● **WHAT TO PRODUCE**: Word for word, copy the lines from the one with "Park Hye Soo" to the last line of the data below, counting both, and keep every picture out.

● **DATA EXTRACT**:
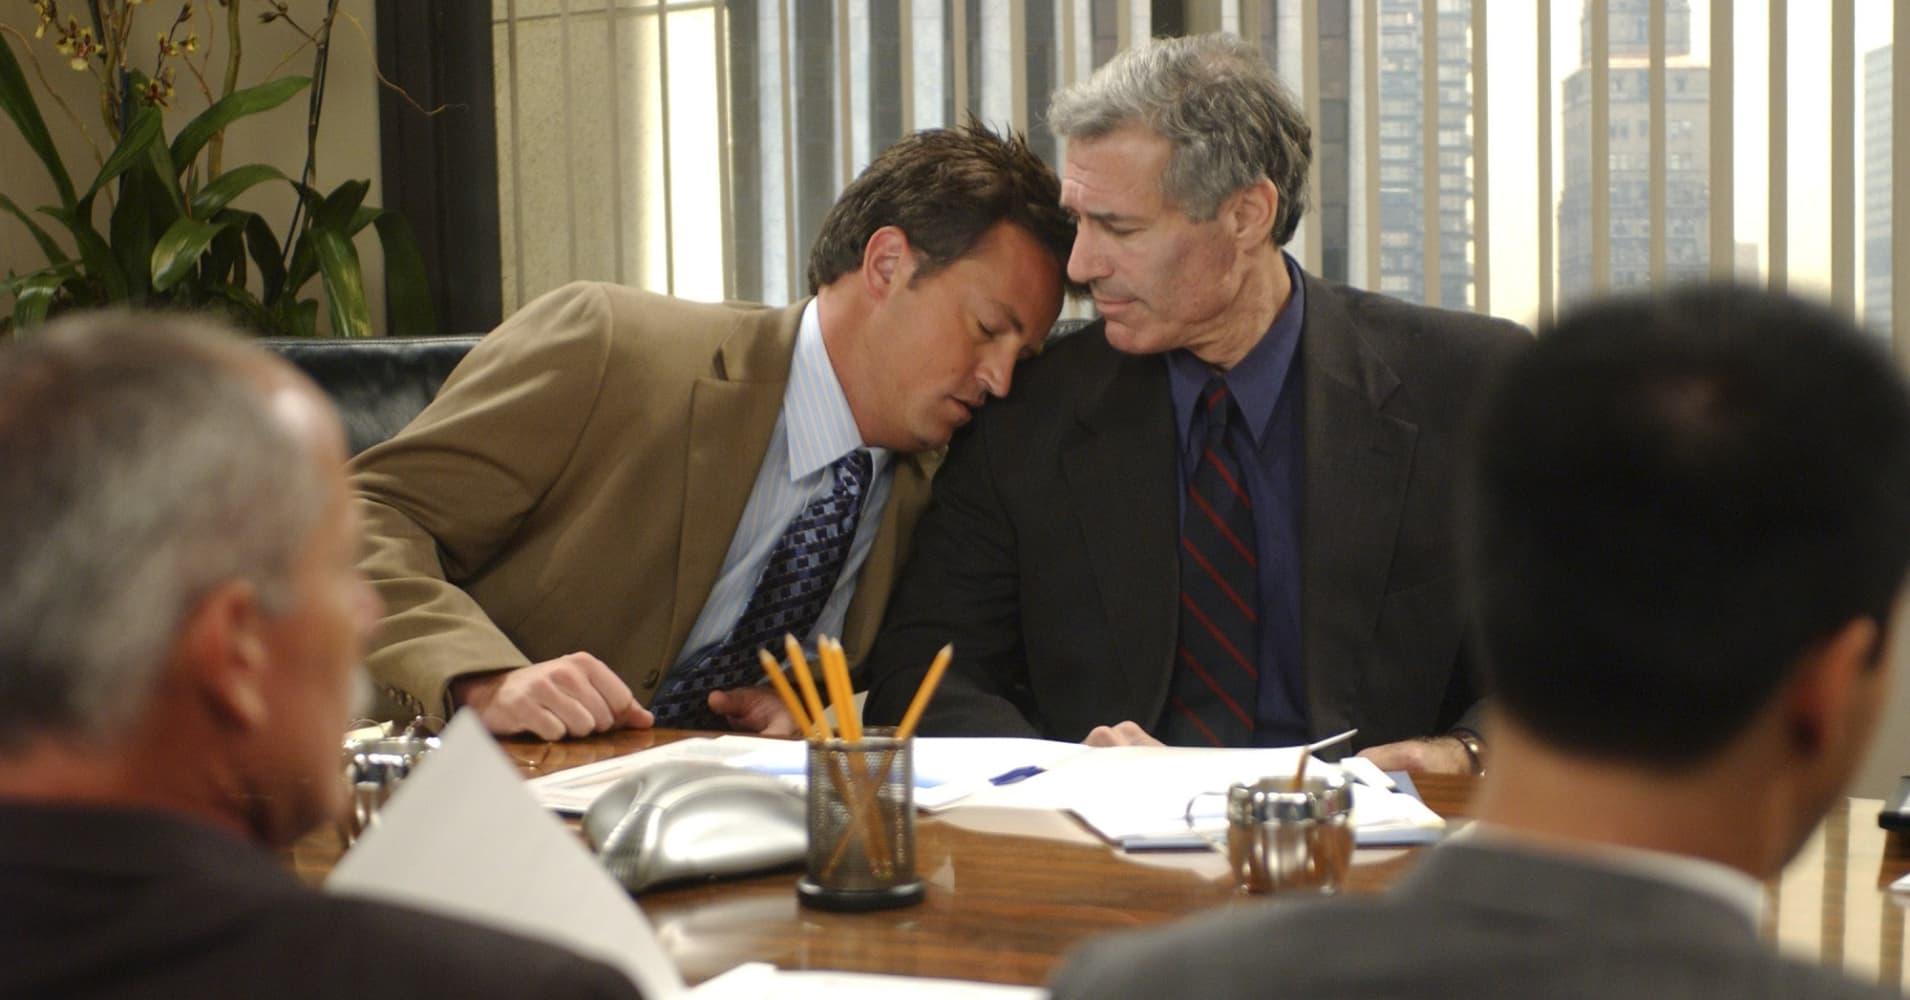 In an episode of Friends, Chandler Bing falls asleep on his coworker
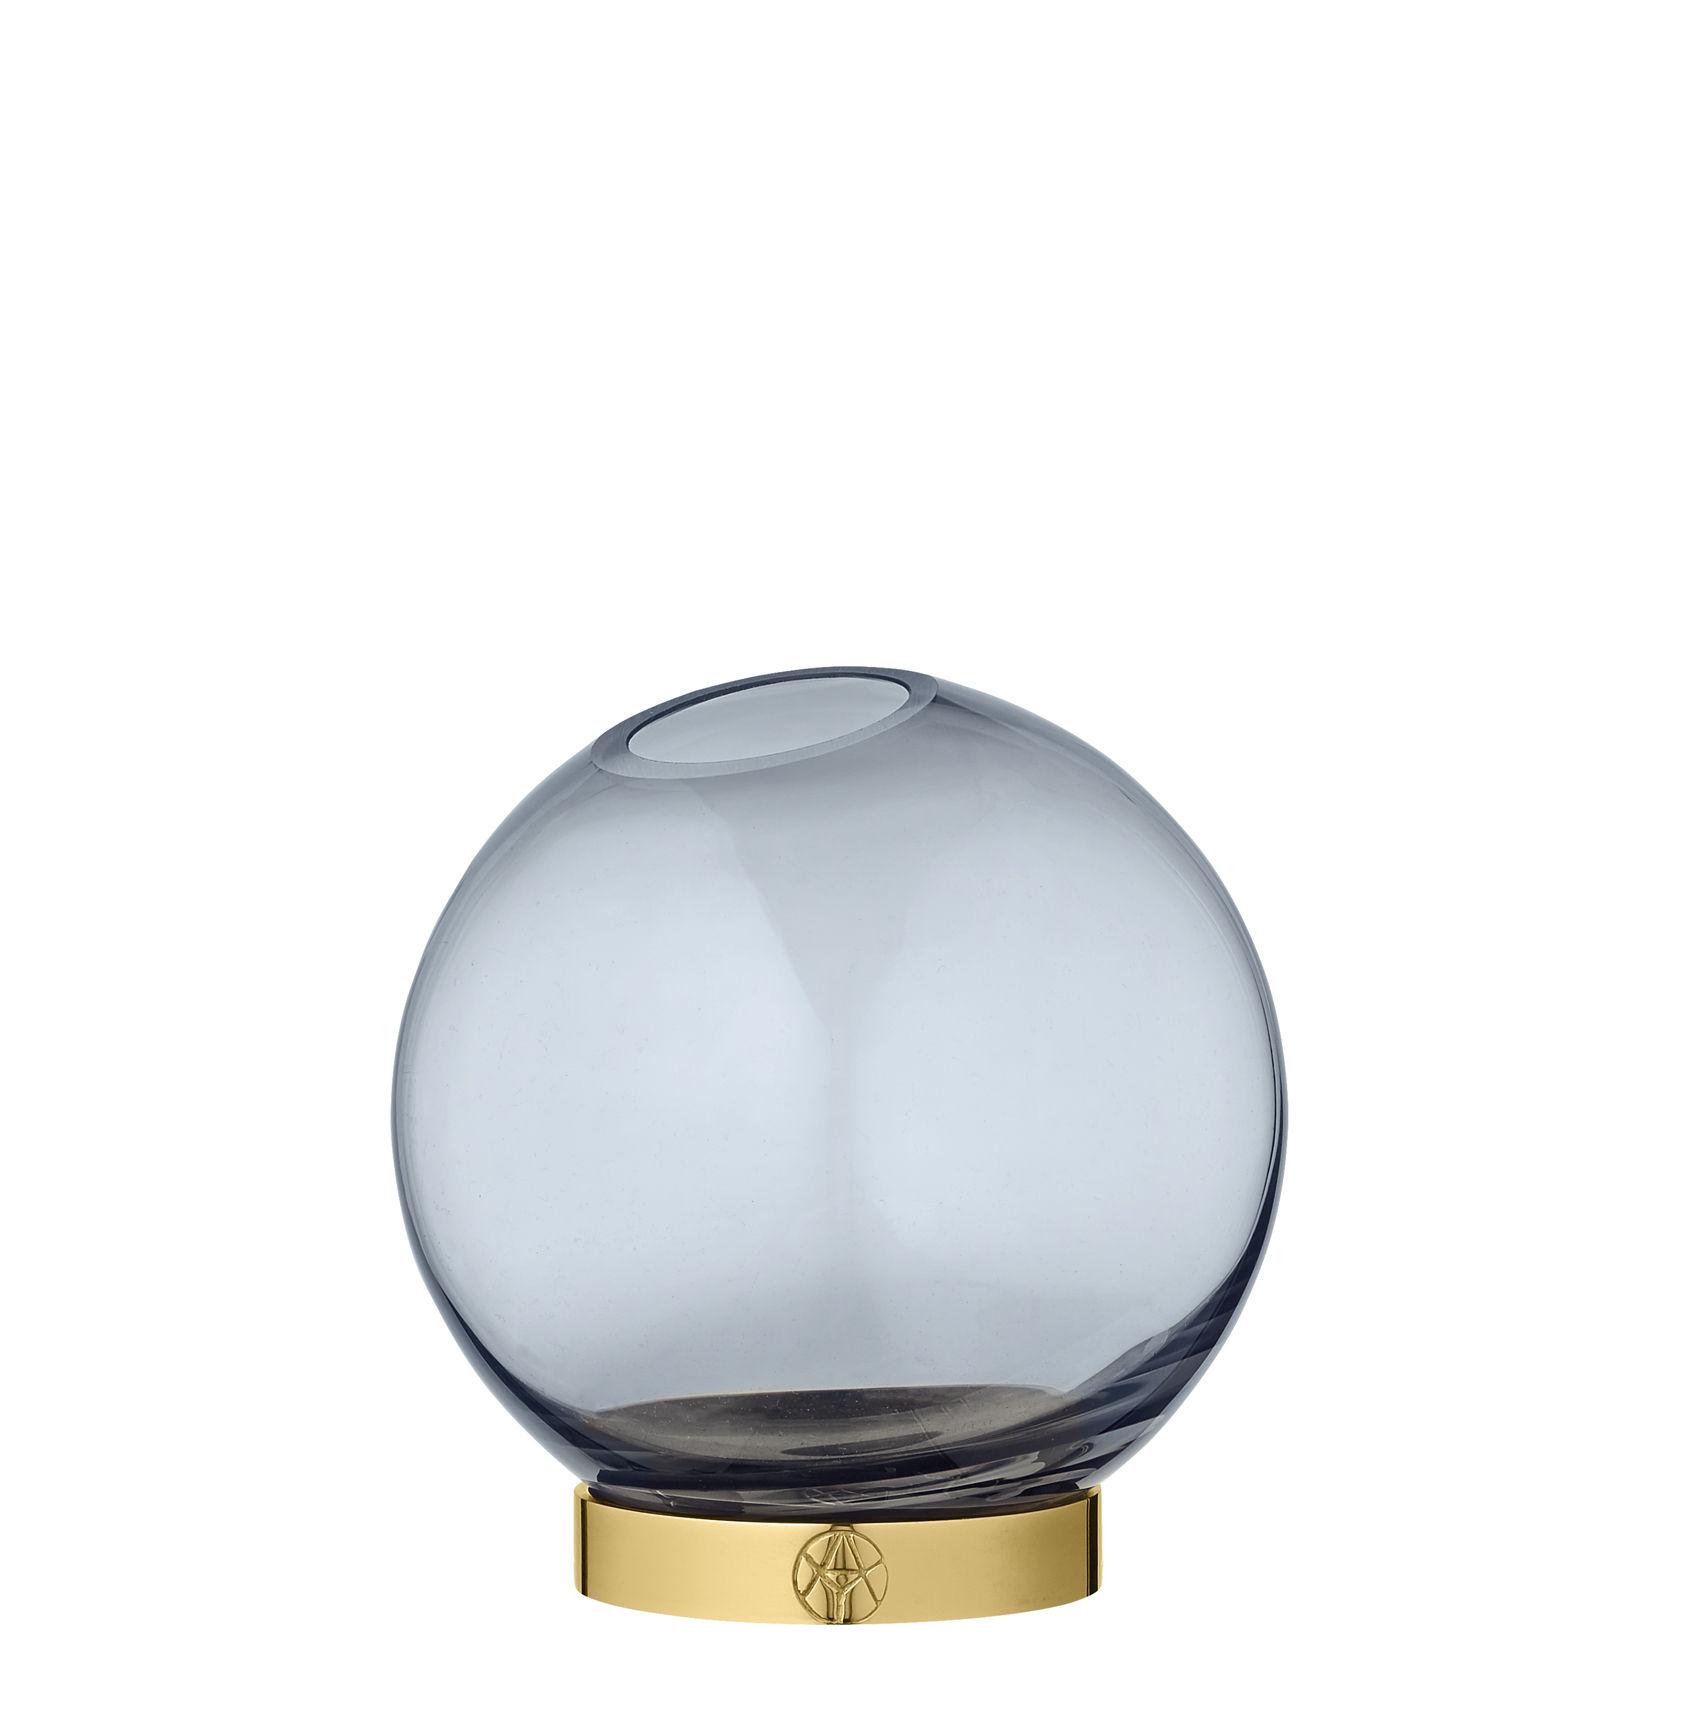 Decoration - Vases - Globe Small Vase - / Ø 10 cm - Glass & brass by AYTM - Ø 10 cm / Blue & brass - Blown glass, Brass
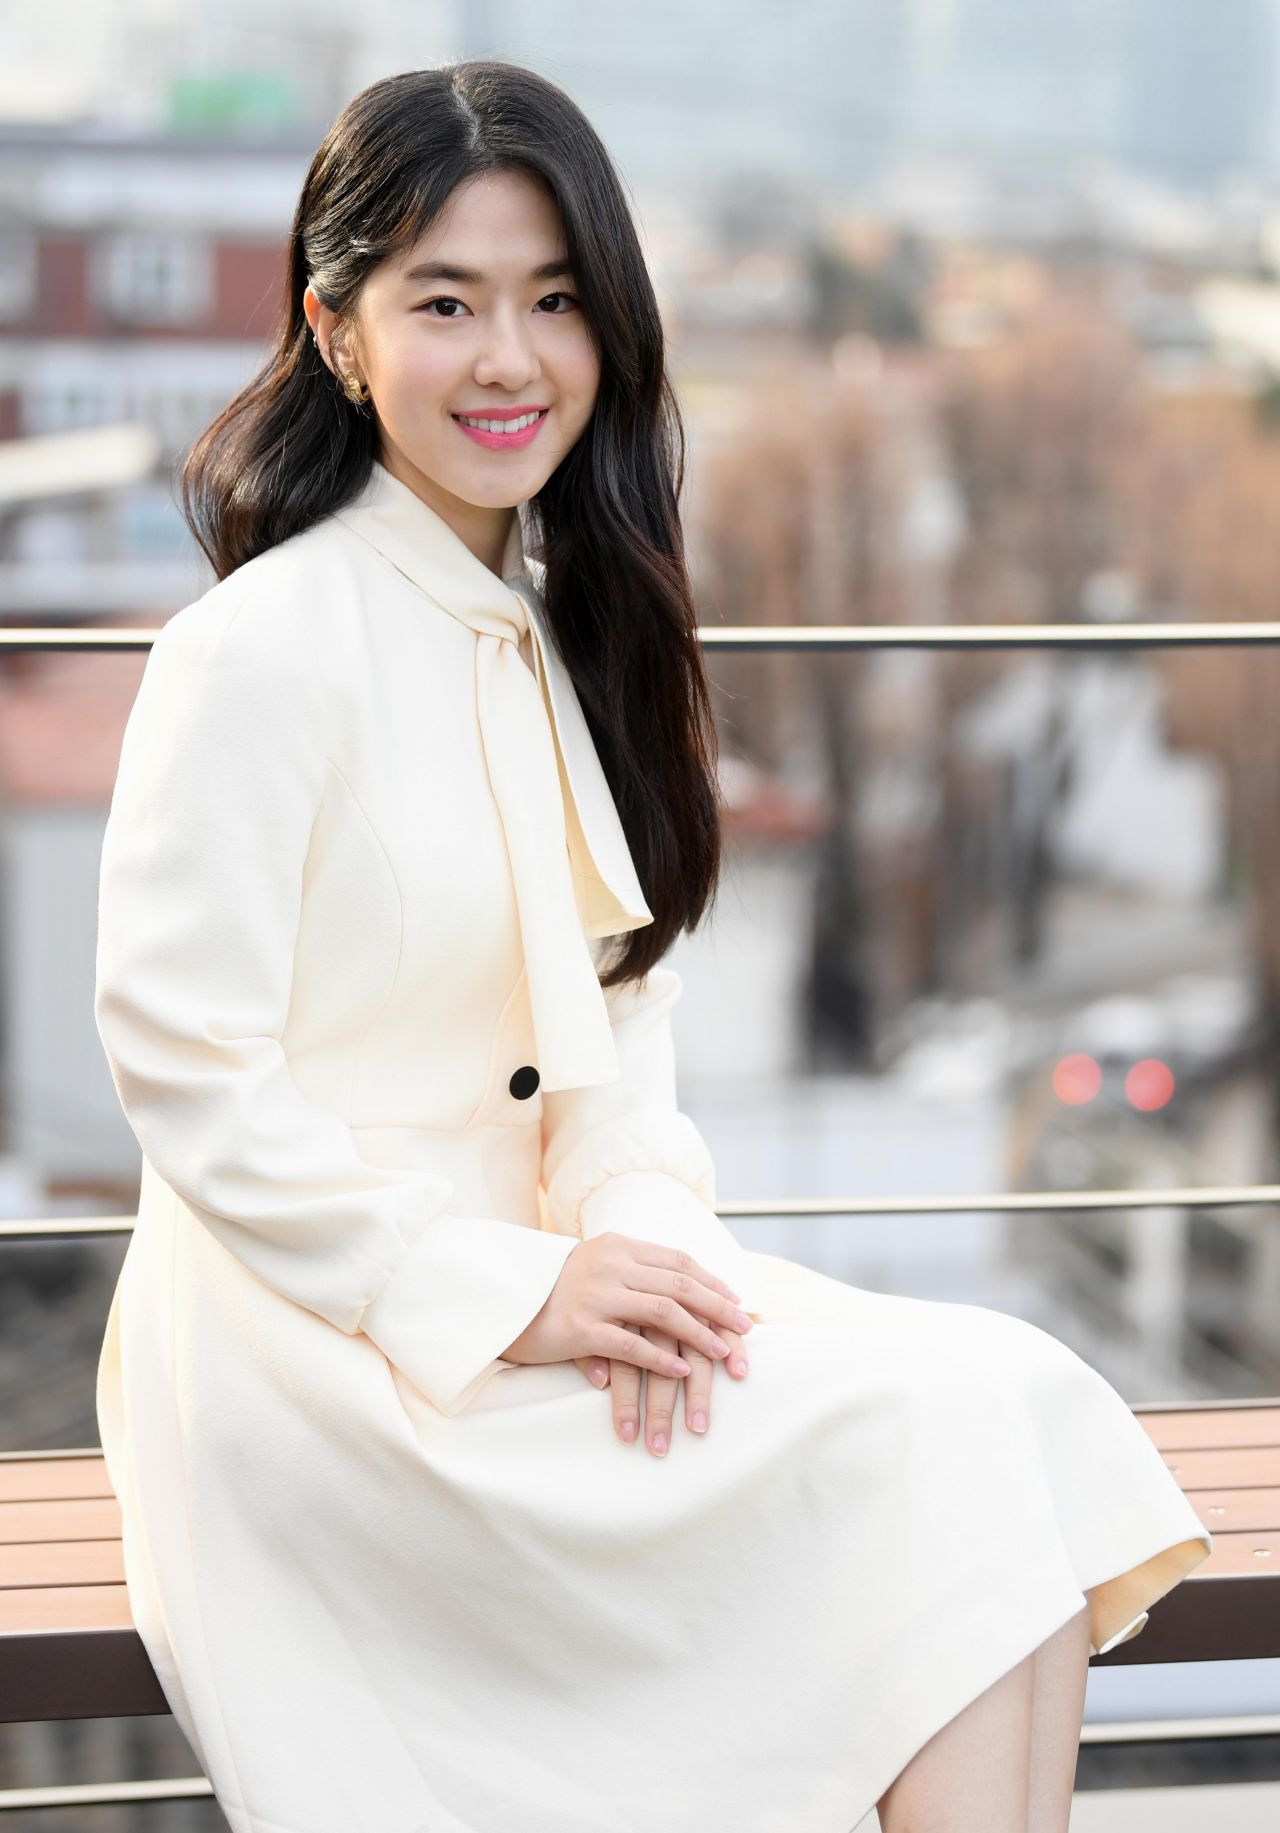 Park Hye Soo Style Clothes Outfits And Fashion Celebmafia
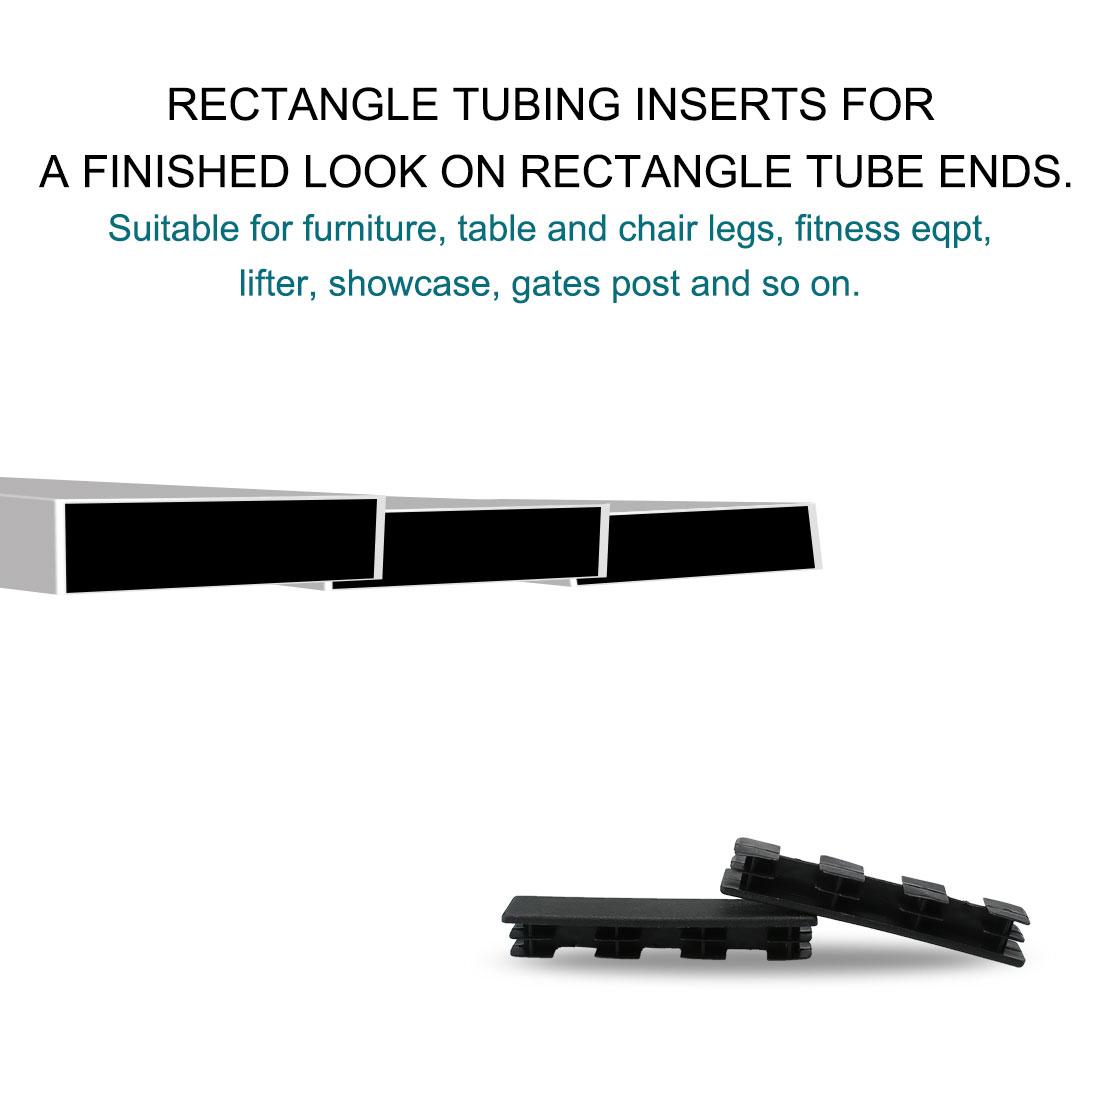 20 x 100mm Plastic Rectangle Ribbed Tube Inserts Furniture Floor Protector 60pcs - image 3 de 7

● **SOLVED EXERCISE**:
 Park Hye Soo Style Clothes Outfits And Fashion Celebmafia
 20 x 100mm Plastic Rectangle Ribbed Tube Inserts Furniture Floor Protector 60pcs - image 3 de 7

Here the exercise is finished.